In article <86qkp2$4ae$1 at mercury.hgmp.mrc.ac.uk>, Brice Quenoville
<quenovib at si.edu> wrote:

I'll try to answer the other two questions.
>Hi,
>
>I have 4 questions regarding ML analysis. Thanks for any insights.
>
>1/ I am analyzing nuclear data sequences for which I have some sites
coded as ambiguities (following a IUB code). I am wondering how the last
Paup version exactly treats such positions during a ML search. Although
heterozygotie may not be informative at the taxonomic level I'm working, I
still want to include these positions because some of them are
heterozygous in only one sequence and parsominy informative in others.

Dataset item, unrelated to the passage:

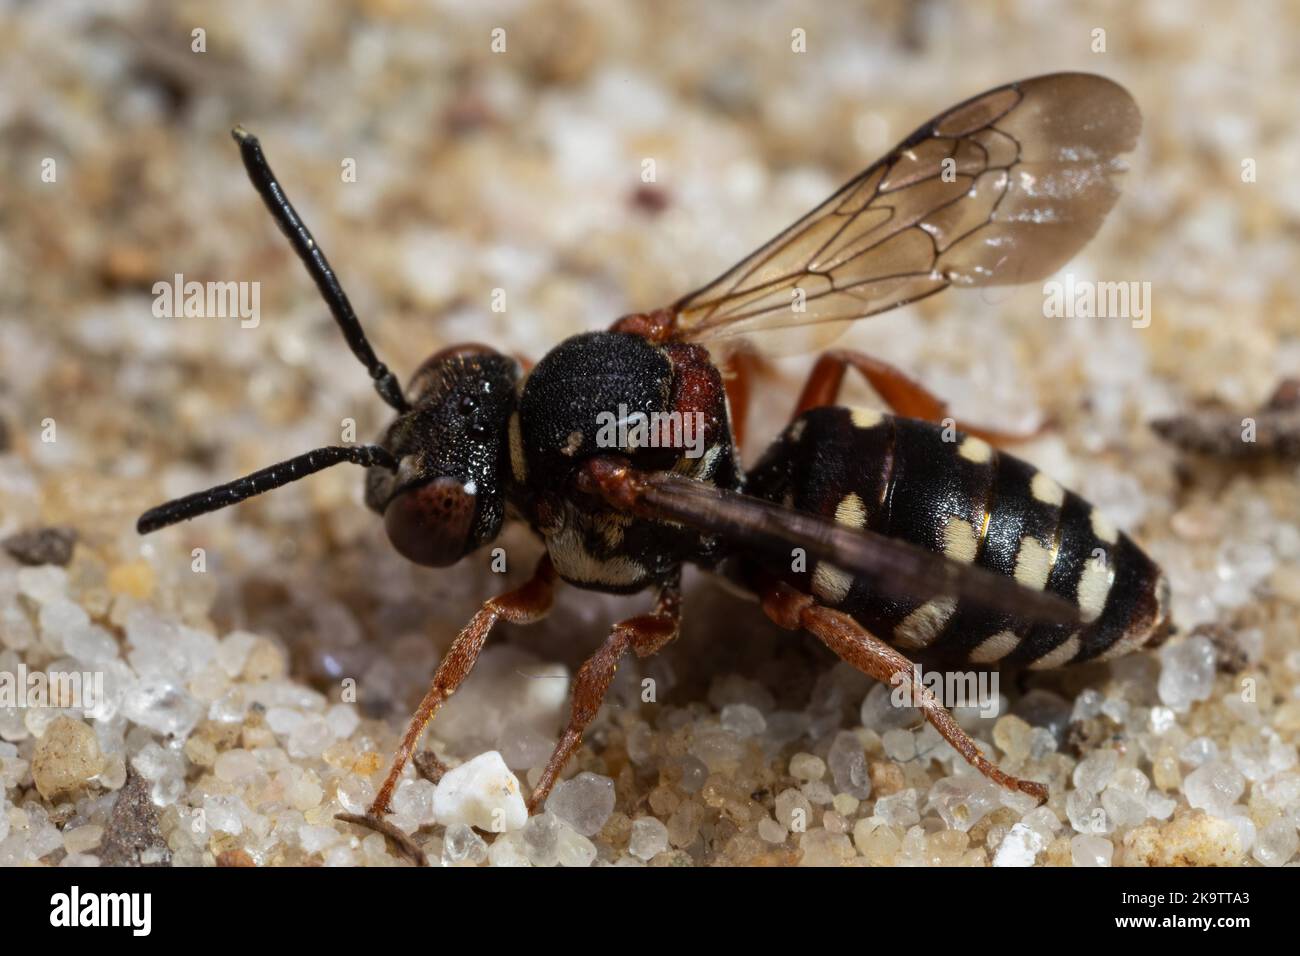 Heath Filzbiene mit offenen Flügeln auf sandigen Boden sitzend und nach links schauend Stockfoto

Mary's explanation is correct.

>3/ I did a ML run based on a "branch and bound" search and it took 6
hours 45 mn, leading to a unique best tree. I then did an exhaustive
search with the same settings and it took 45 mn (I have 7 taxa), leading
to a different tree with a slightly higher -Ln L value. Some people told
me here that "branch and bound"  is good for parsimony criteria but may
get lost in ML search because it is dealing with probabilities and not
number of steps. Is that so true that a branch and bound method is not
highly commendable for ML search??

This worries me. You might consider reporting the bug to Swofford. I wonder
if it is true that adding a taxon guarantees that the likelihood score
must decrease? It seems that it should and that B-and-B should work for
ML. However, I've never actually heard of someone trying it for ML.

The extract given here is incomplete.